Gillian Dooley, Flinders University, South Australia
[1] Matthew Flinders, Voyage to Terra Australis Volume 2 (London, 1814) 493.
[2] Matthew Flinders, Private Journal 1803-1814 ed. Anthony J. Brown and Gillian Dooley (Adelaide: Friends of the State Library of SA, 2005) 326.
[3] Matthew Flinders, Personal Letters from an Extraordinary Life ed.
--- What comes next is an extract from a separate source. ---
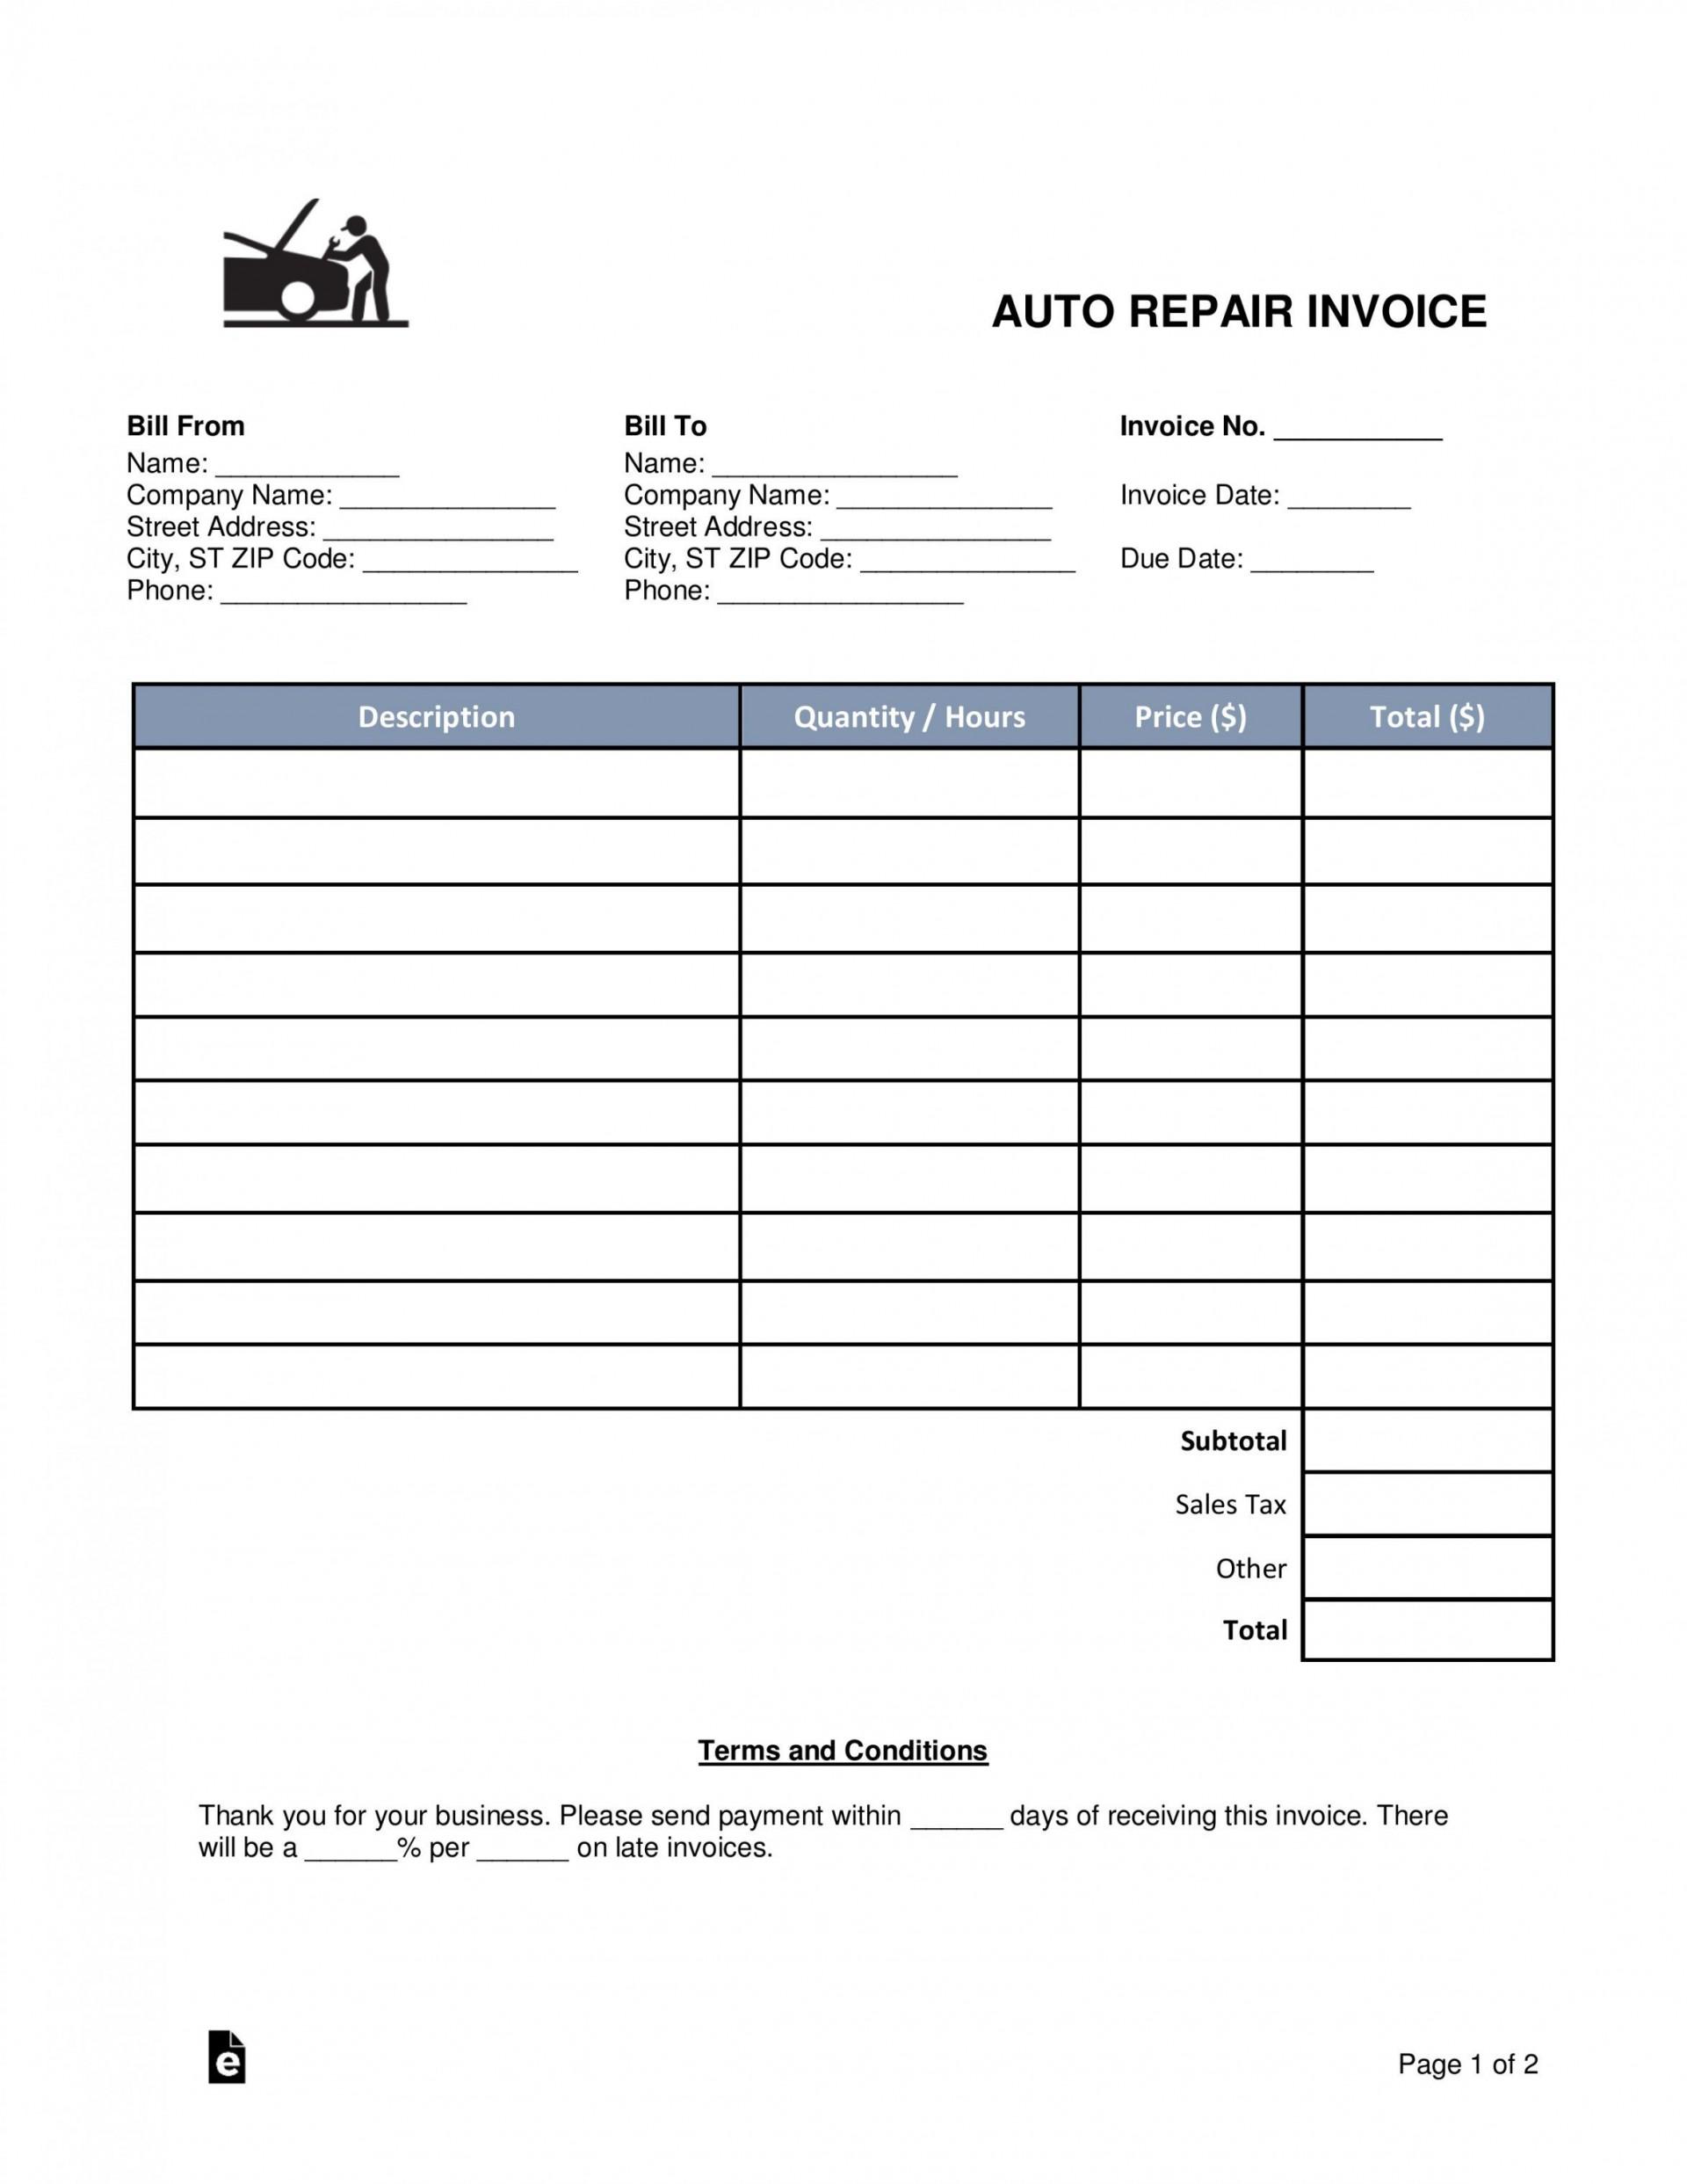 002 Surprising Auto Repair Work Order Template Excel Free Photo 1920

Paul Brunton (Sydney: Hordern House/State Library of NSW, 2002) 69.
[4] Flinders, Personal Letters 75.
[5] Quoted in Geoffrey Ingleton, Matthew Flinders, Navigator and Chartmaker (Guildford: Genesis Publications, 1986) 423.
[6]Matthew Flinders, Private Letters, vol. 3, 1810-1814, with letters from Ann Flinders, 1814-1821, 269, James Fairfax Matthew Flinders Electronic Archive (online) http://acms.sl.nsw.gov.au/item/itemDetailPaged.aspx?itemID=153830
[7] Flinders, Personal Letters 69.
[8] Flinders, Voyage Volume 1, Chapter 1.
[9] Flinders, Voyage, Volume 2 Chapter 6.
[10] Flinders, Voyage, Volume 2 Chapter 9.
[11] Flinders, Voyage, Volume 2 Chapter 10.
[12] Flinders, Personal Letters 92.
[13] Flinders, Private Journal 14.
[14] Flinders, Private Journal 14.
[15] Flinders, Private Journal 150.
[16] 5 October 1805.
[17] Flinders, Personal Letters 122.
[18] Flinders, Voyage, Volume 1, Preface.
[19] Flinders, Voyage, Volume 2, Book 3, Chapter 1.
[20] Miriam Estensen, The Life of Matthew Flinders (Sydney: Allen & Unwin, 2002) 479.